_Goal of the exercise_:
Set the pictures aside and set down only the lines from the line holding "New England Fall" through the end of the entries below, ends included.
=======
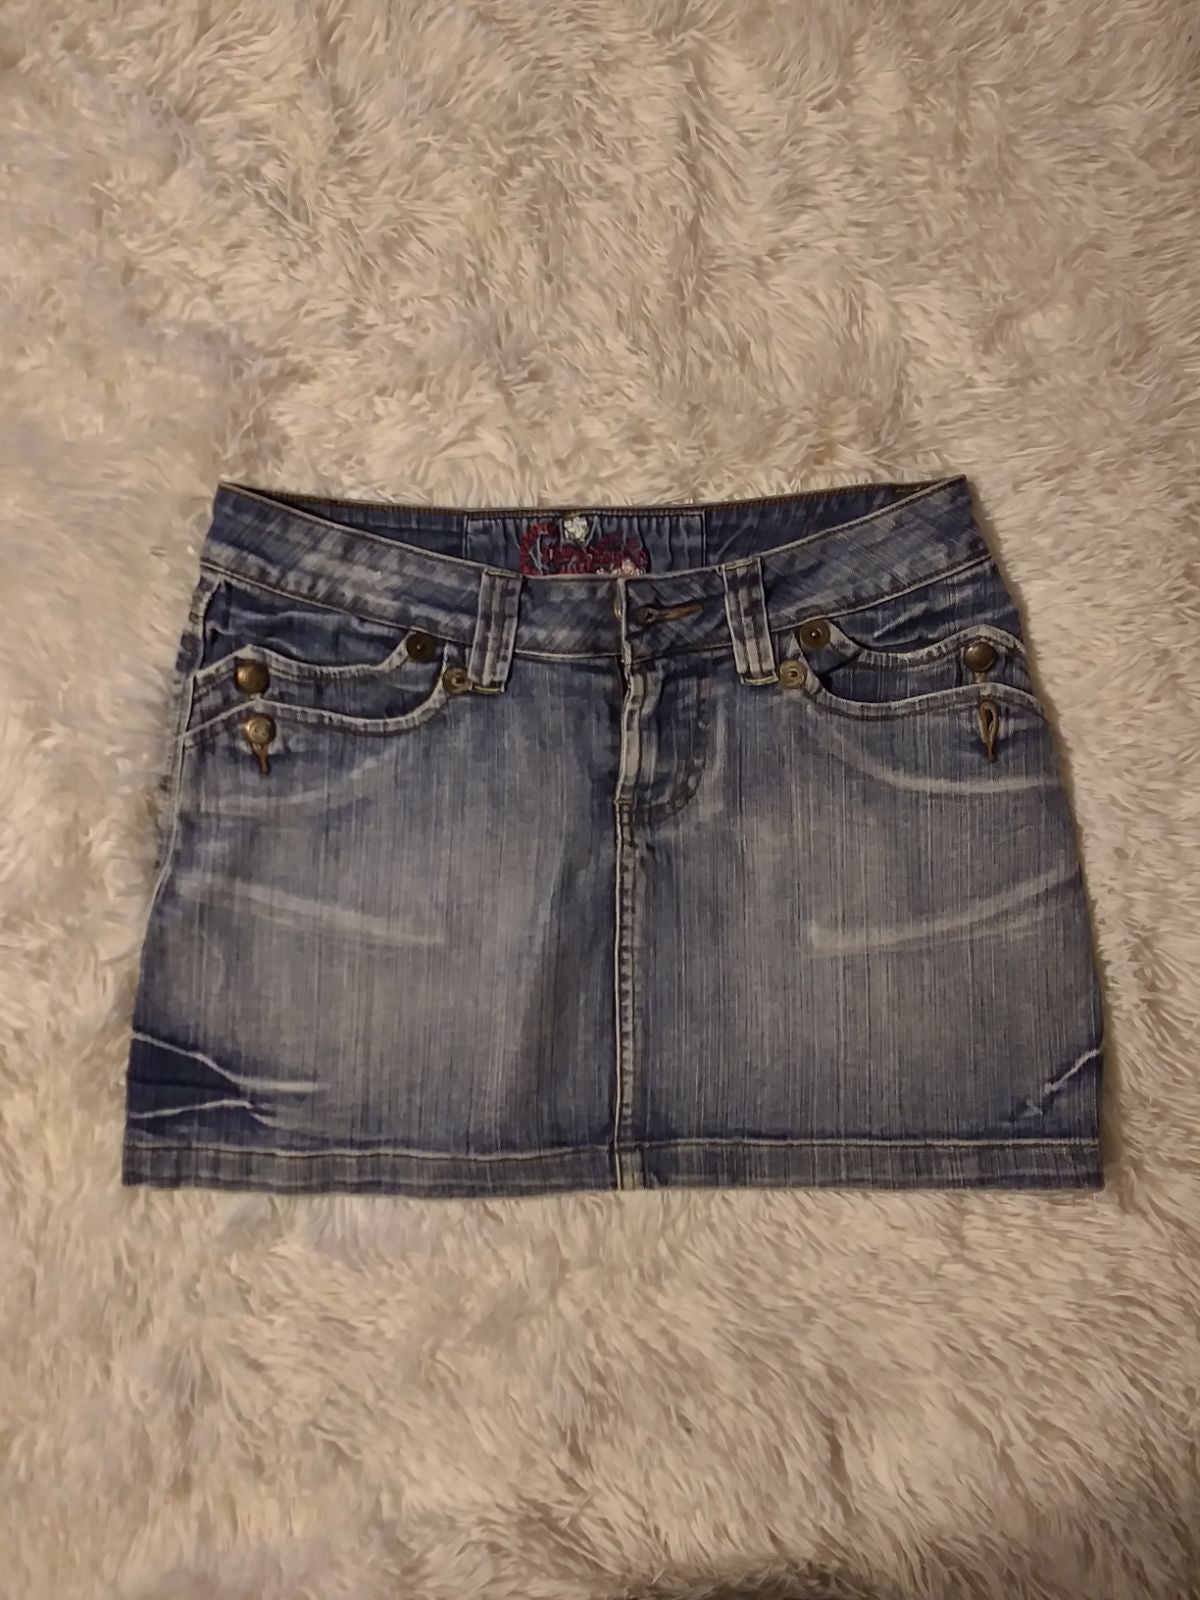 Vintage Candie's mini skirt
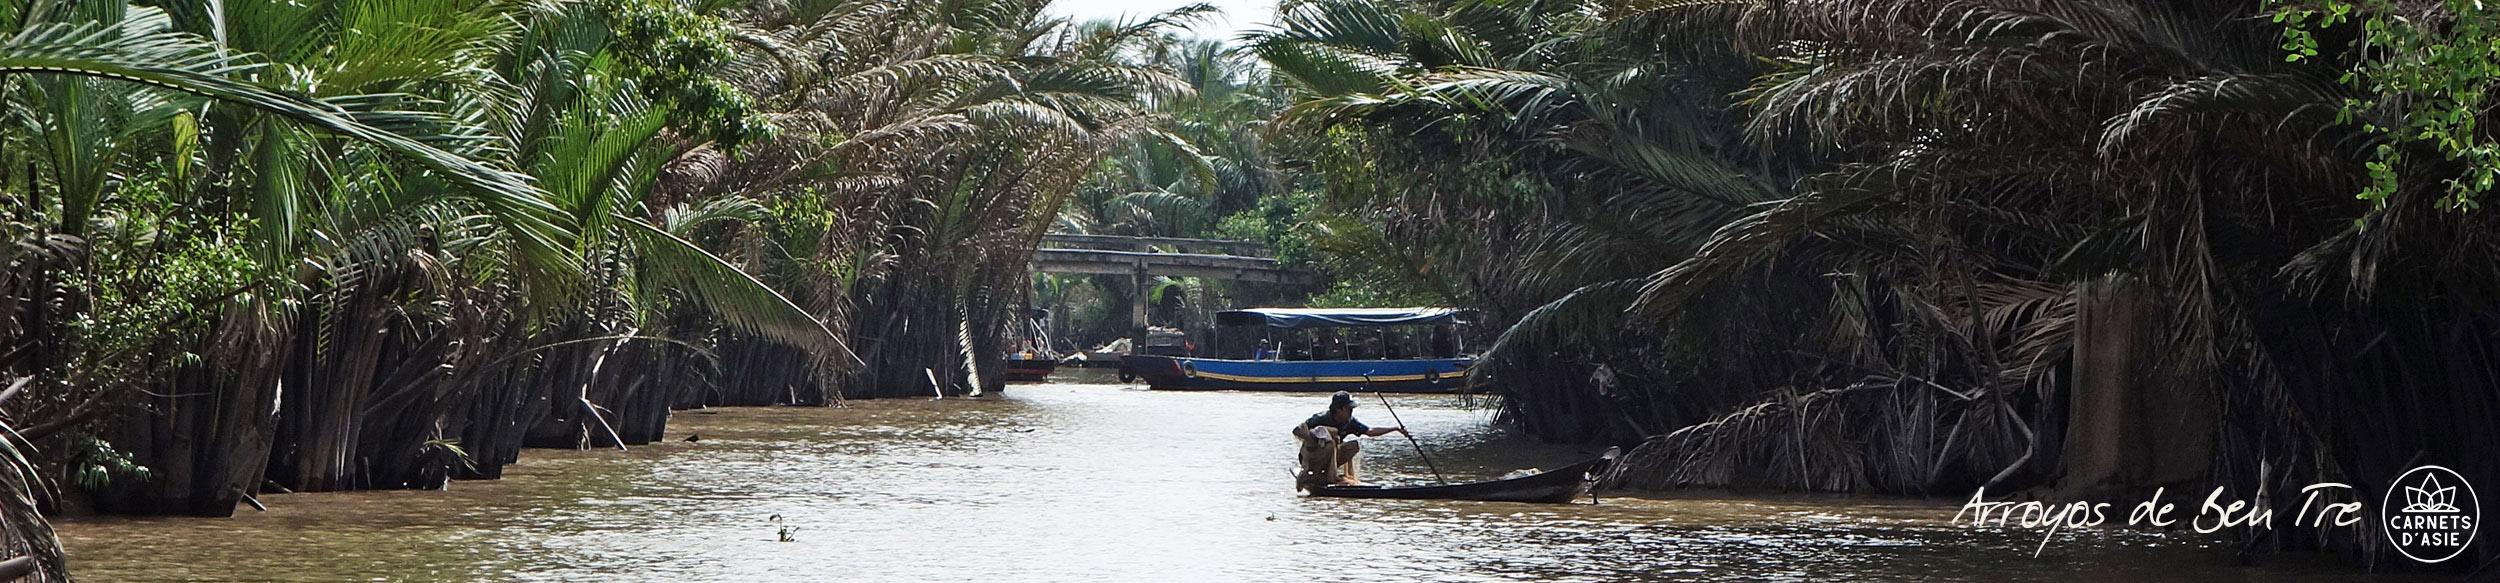 Pêcheur dans la mangrove de Ben Tre
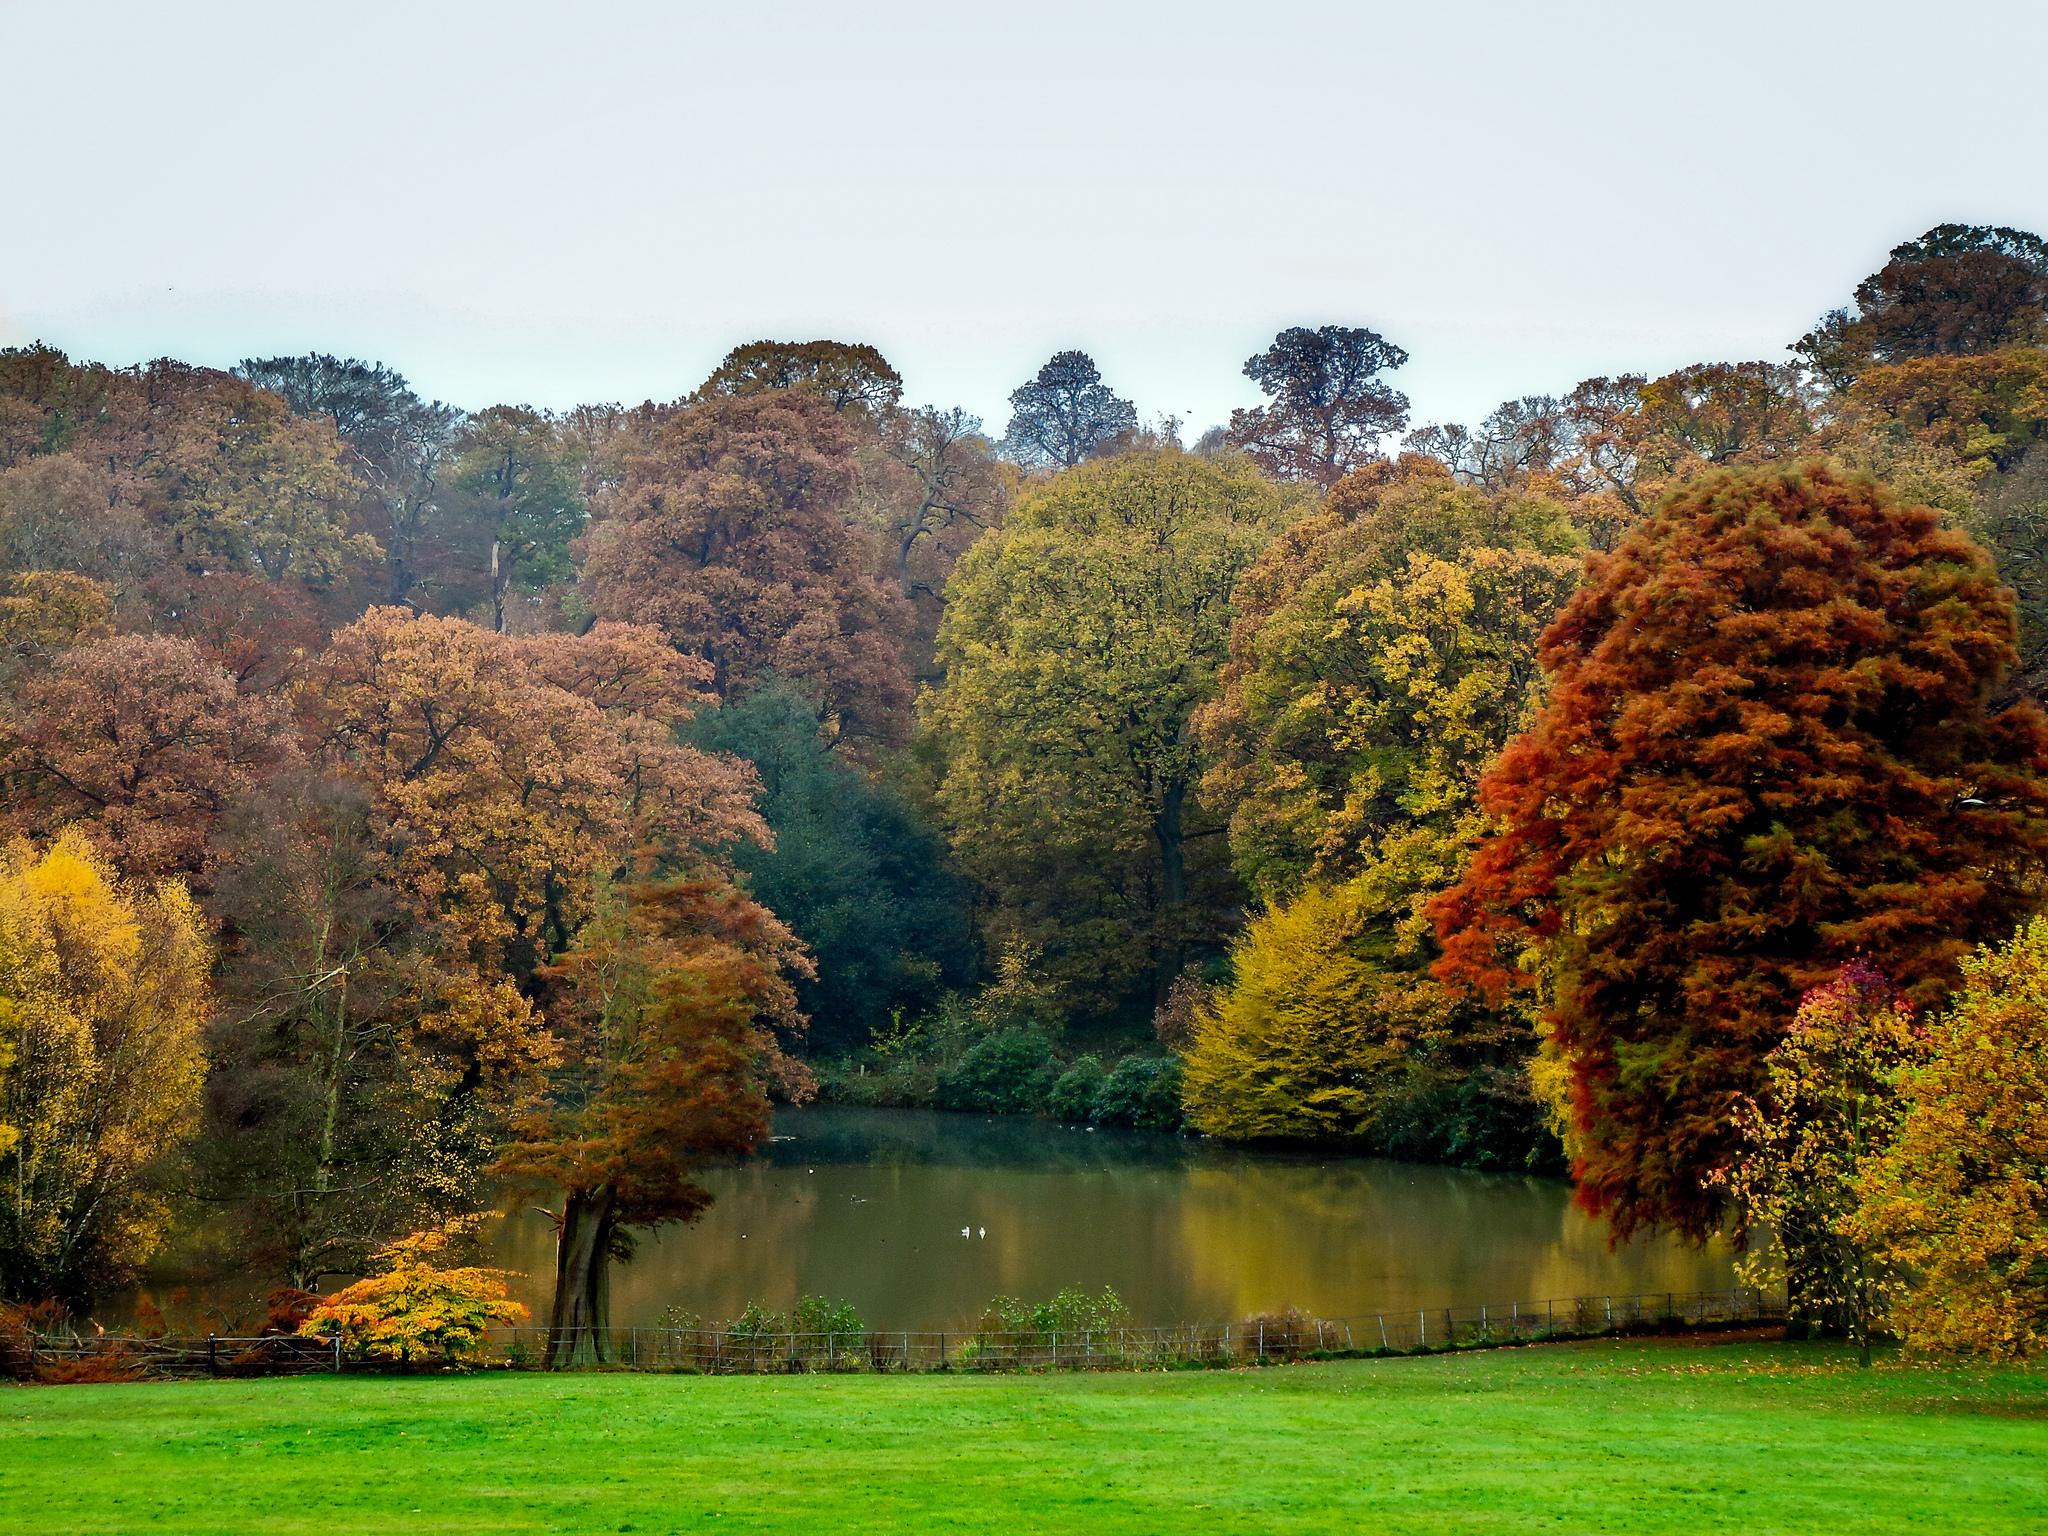 New England Fall Desktop Wallpaper Five Great Autumn Park And Pub Walks In London
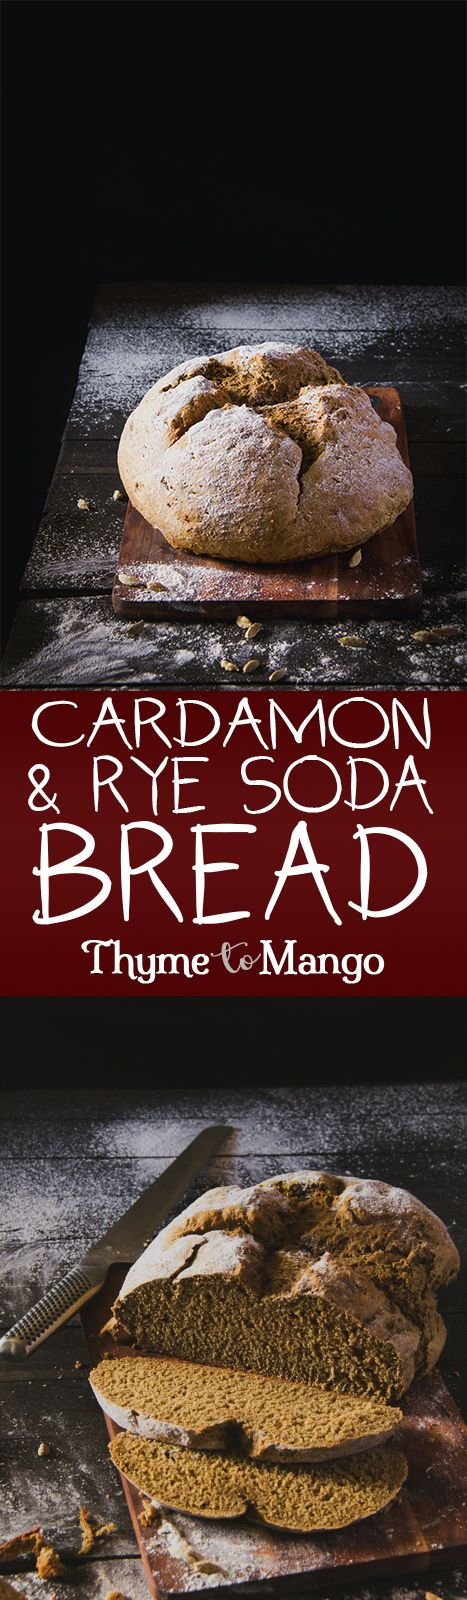 Irish and Swedish cuisines collide into a delicious cardamon infused rye soda bread.
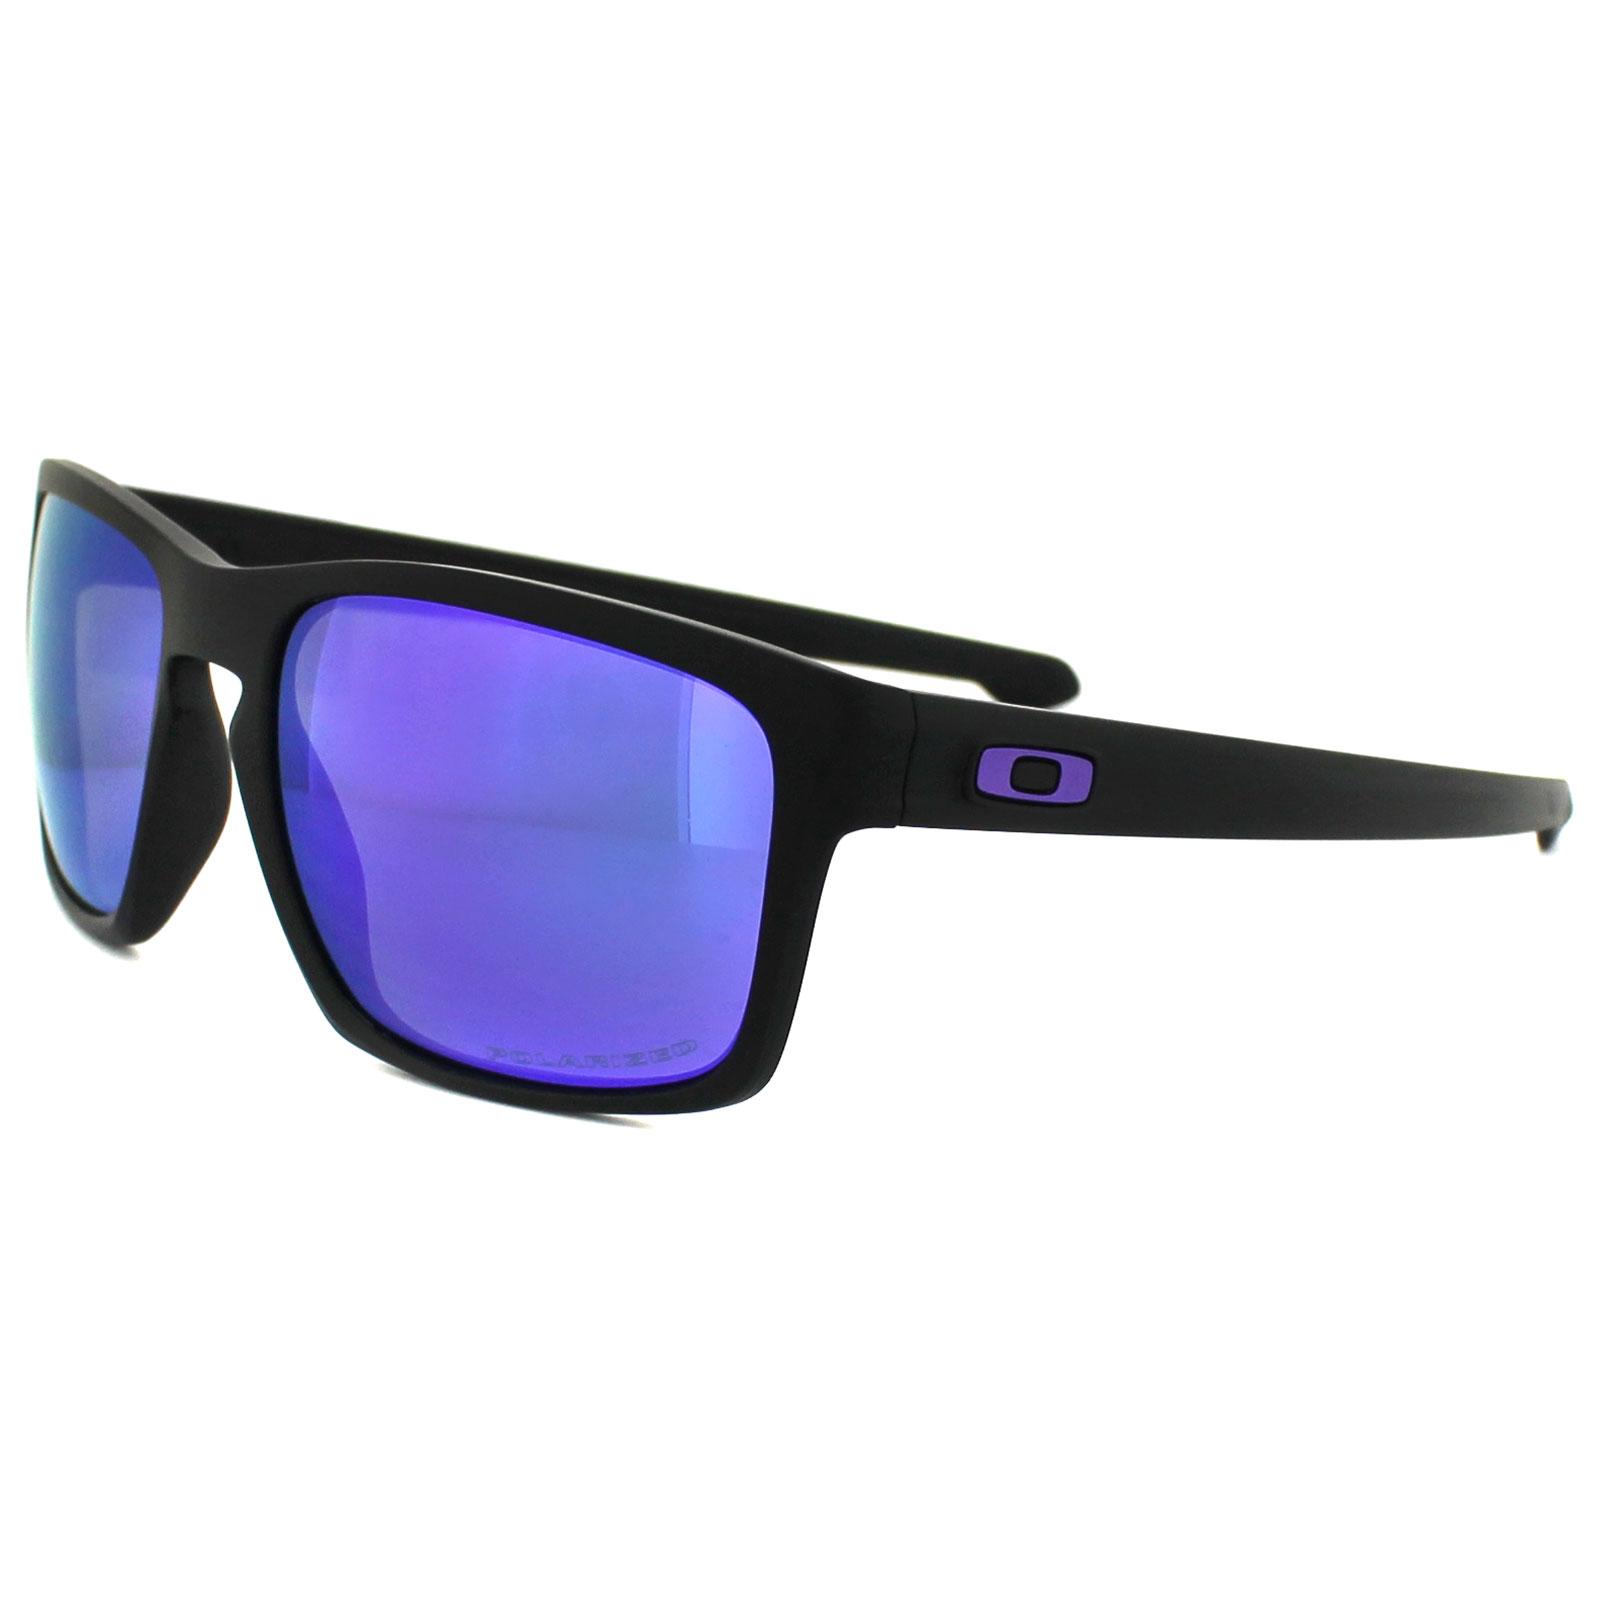 Sentinel Oakley Sunglasses Sliver OO9262-10 Matt Black Violet Iridium  Polarized 6d51ef07ab
=======
_Task output_:
 New England Fall Desktop Wallpaper Five Great Autumn Park And Pub Walks In London
 Irish and Swedish cuisines collide into a delicious cardamon infused rye soda bread.
 Sentinel Oakley Sunglasses Sliver OO9262-10 Matt Black Violet Iridium  Polarized 6d51ef07ab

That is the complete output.